JFK: Requiem for the Irish prince

We were not like the other people. We were always told that. They, the Protestants, were good at math and science and ran the local hardware stores. And there were the swamp Yankees, who owned all the low water in Nanaquaket. But they didn’t seem rich; they worked on the boats and as skilled carpenters and school teaches. They just owned all the old land and held firm to it. Then somehow at around 8 years old we began not to get the difference.

They played Little League baseball; we played baseball. And the aunties, tall and white as porcelain, saying the rosary together in a circle in the evening around a statue of the Blessed Mother, rumbling with a collective chant, began to seem almost like an alien force. None of the other kids in Little League and public schools had aunties like that and so many unmarried relatives at the Sunday dinner table and the weekly wakes and funerals. I was struck by that as well. They, the Protestants, never seemed to go to wakes. We, the Irish, seemed to die more frequently.

{mosads}I suppose that is because then there were so many of us. One million and a half came over the past hundred or so years to work the factories in Fall River, Mass. It was all over for that now, and something else was happening. I sensed a disturbance in the force when my father demanded that we drive up to Providence for a dinner “with the governor.” But then there were hundreds there, eating dinner, and it was really a political fundraiser and rally for John F. Kennedy who was running for senator in Massachusetts.

This was important, my father said: He could be president some day. He was Ireland’s Promise. But the aunties didn’t get it. It was not the kind of work the Irish were supposed to be doing. They, the Protestants, were supposed to be running things. We were supposed to be nuns and priests, holding the flame cupped in our hands, waiting for the Jews and Protestants to finally see the light. Maybe now they never would.

To an 8-year-old, he seemed much different than the other men in charge of the Irish Brigade of Southie politics. Handsome and smart, nothing like us really and nothing like the thick and vulgar Irish political bosses.

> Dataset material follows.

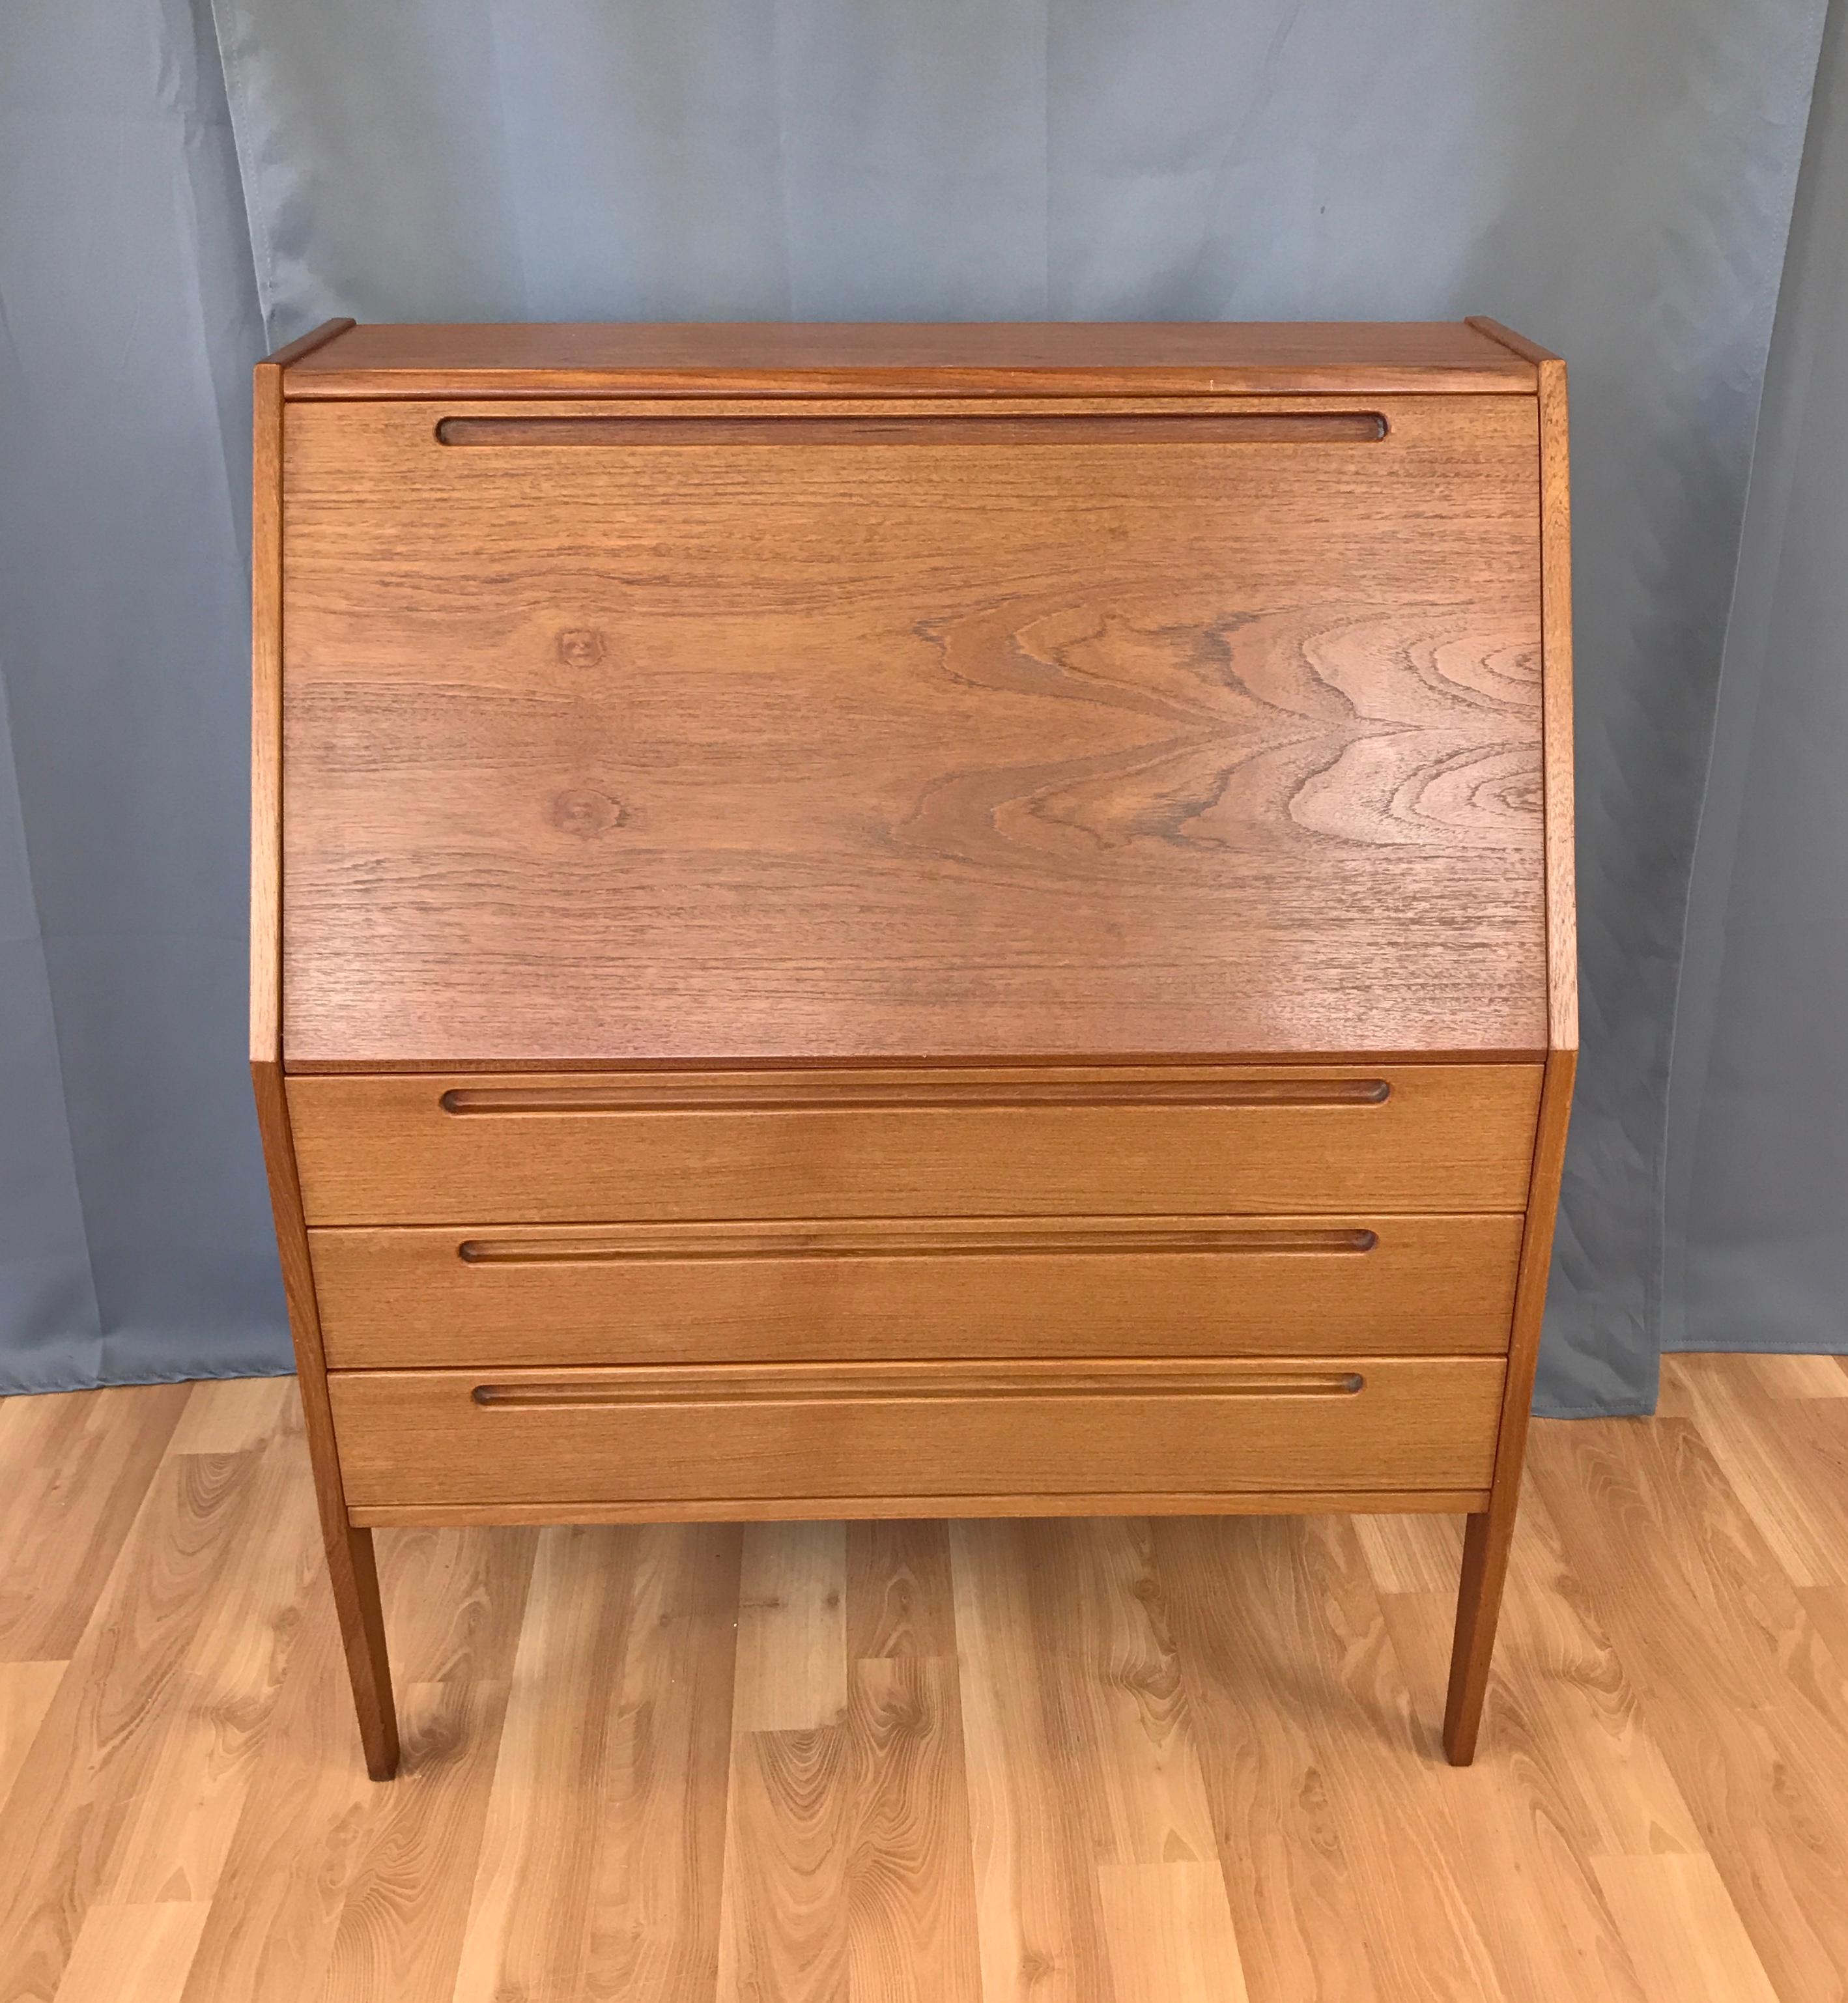 A Danish modern teak secretary by Nils Jonsson for HJN Møbler, circa 1960s

It's practical yet elegant. Simple tapered legs support a 3 drawer base for storage. The desk surface folds closed to hide all the paper while the flat top is the perfect

Honest too. When he appeared before three local Southie Irishmen and said he intended to run for office and needed a few thousand signatures, they said they would have them on his desk in the morning. Kennedy said, no, you have to actually go out door-to-door and get them. No one had ever spoken to them like that before.

In fact, we saw him often. He would sail down Narragansett Bay and through the narrow straits of the Sakonnet River in his yacht, the Honey Fitz, as royal as a Russian tsar but Irish, and we would sail out to visit and wave in our little sail boats. Then he was married in our high school parish in Newport and it all seemed to be happening in our own back yard. Some of us, the quiet men and the aunties, wondered and even asked if we were ready for this. And would we still be Irish after this? What would we be instead? What were we becoming?

The answer came on Nov. 22, 1963, and something within us died with him. It wasn’t about the Irish anymore as we all died together with him.

These were maybe our first days — our rite of entry — into being Americans, as everything before seemed forgotten, and the aunties mourned along with everyone. And we were all Americans now, born of blood and mourning.